[Items listed in a dataset]
........

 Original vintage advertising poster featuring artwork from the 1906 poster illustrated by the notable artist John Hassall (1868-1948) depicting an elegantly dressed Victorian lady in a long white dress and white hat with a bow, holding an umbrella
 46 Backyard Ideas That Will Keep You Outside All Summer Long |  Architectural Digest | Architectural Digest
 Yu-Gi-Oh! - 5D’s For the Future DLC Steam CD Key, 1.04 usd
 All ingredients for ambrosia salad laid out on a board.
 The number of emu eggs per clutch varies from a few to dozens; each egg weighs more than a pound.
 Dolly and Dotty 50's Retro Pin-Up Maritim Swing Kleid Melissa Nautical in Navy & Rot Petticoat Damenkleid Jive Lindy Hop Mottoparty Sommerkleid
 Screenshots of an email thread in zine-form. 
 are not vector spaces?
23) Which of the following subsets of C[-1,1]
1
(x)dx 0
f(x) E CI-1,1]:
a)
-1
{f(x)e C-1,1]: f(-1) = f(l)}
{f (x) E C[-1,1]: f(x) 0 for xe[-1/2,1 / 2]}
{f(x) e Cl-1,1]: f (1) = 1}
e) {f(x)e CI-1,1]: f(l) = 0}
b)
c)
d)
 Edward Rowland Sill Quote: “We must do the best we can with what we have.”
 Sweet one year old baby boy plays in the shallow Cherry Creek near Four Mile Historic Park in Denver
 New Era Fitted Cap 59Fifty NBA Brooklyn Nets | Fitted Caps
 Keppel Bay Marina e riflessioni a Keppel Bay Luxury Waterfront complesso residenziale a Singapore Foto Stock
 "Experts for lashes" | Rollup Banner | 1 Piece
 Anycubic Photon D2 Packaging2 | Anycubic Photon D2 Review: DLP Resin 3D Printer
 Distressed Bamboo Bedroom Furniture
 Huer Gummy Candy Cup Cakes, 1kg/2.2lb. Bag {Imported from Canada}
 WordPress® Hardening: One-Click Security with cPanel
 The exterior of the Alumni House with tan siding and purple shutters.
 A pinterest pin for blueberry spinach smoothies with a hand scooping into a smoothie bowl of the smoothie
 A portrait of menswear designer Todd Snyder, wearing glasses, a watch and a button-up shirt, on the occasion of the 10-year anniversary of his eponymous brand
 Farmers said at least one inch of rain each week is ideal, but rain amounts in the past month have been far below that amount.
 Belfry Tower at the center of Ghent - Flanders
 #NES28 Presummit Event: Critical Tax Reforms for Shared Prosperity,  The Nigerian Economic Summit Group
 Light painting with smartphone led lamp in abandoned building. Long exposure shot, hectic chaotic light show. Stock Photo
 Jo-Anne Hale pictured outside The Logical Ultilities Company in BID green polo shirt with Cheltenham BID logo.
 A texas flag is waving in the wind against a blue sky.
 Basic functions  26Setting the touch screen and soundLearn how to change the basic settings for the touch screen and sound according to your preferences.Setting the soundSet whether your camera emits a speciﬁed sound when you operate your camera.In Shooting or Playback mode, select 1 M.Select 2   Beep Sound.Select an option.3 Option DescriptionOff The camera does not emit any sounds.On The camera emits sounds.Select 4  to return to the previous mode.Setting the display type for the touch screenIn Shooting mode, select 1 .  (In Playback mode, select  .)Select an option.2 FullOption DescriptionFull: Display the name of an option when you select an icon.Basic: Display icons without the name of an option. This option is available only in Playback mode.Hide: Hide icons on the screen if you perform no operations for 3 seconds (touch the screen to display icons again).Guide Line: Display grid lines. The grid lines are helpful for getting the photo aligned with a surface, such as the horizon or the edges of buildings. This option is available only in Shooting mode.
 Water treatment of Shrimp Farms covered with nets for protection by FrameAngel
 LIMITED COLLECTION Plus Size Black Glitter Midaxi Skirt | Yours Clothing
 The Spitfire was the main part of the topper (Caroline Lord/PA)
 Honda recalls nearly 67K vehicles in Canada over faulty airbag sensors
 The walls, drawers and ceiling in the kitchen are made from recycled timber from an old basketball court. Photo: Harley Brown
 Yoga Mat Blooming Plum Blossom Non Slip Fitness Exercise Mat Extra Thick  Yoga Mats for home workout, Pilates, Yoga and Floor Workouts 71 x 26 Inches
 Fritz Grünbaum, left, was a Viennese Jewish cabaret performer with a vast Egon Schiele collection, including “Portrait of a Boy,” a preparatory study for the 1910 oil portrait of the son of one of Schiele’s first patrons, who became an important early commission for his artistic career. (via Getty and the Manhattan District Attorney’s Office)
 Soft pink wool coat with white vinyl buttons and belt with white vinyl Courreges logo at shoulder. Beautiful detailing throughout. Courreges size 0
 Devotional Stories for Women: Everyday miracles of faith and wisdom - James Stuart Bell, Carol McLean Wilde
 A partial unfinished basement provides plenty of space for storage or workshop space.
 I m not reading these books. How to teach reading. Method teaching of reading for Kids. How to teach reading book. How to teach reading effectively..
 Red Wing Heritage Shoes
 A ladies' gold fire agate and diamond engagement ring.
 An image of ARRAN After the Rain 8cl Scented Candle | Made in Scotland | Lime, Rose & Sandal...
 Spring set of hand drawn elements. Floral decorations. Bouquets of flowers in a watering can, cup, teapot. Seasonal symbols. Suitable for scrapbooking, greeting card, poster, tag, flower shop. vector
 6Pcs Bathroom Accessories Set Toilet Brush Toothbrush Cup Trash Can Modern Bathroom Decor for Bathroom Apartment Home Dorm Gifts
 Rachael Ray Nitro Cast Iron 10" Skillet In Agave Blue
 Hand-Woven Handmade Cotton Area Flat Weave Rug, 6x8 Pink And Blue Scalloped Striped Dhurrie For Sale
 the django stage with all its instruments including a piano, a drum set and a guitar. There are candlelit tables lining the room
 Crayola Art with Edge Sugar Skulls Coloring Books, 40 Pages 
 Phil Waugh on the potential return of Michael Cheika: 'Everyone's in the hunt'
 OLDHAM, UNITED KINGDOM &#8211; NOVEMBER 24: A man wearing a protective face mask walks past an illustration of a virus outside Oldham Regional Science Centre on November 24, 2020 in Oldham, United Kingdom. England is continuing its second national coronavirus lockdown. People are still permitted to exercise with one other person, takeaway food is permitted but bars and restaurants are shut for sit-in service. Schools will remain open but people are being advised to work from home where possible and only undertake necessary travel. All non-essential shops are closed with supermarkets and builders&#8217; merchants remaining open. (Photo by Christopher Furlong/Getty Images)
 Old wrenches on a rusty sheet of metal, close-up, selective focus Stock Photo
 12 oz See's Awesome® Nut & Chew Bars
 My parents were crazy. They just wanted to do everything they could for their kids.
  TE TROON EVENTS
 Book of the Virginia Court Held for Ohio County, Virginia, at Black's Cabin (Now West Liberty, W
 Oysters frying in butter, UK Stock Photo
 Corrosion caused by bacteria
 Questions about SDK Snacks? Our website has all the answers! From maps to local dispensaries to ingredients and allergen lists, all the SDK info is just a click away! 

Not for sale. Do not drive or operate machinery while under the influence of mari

........

(Required action)
Both the line containing "Keppel Bay Marina" and the line containing "A texas flag" belong in the answer. Print them and every line above that falls between them exactly, and no others.

(Finished exercise)
 Keppel Bay Marina e riflessioni a Keppel Bay Luxury Waterfront complesso residenziale a Singapore Foto Stock
 "Experts for lashes" | Rollup Banner | 1 Piece
 Anycubic Photon D2 Packaging2 | Anycubic Photon D2 Review: DLP Resin 3D Printer
 Distressed Bamboo Bedroom Furniture
 Huer Gummy Candy Cup Cakes, 1kg/2.2lb. Bag {Imported from Canada}
 WordPress® Hardening: One-Click Security with cPanel
 The exterior of the Alumni House with tan siding and purple shutters.
 A pinterest pin for blueberry spinach smoothies with a hand scooping into a smoothie bowl of the smoothie
 A portrait of menswear designer Todd Snyder, wearing glasses, a watch and a button-up shirt, on the occasion of the 10-year anniversary of his eponymous brand
 Farmers said at least one inch of rain each week is ideal, but rain amounts in the past month have been far below that amount.
 Belfry Tower at the center of Ghent - Flanders
 #NES28 Presummit Event: Critical Tax Reforms for Shared Prosperity,  The Nigerian Economic Summit Group
 Light painting with smartphone led lamp in abandoned building. Long exposure shot, hectic chaotic light show. Stock Photo
 Jo-Anne Hale pictured outside The Logical Ultilities Company in BID green polo shirt with Cheltenham BID logo.
 A texas flag is waving in the wind against a blue sky.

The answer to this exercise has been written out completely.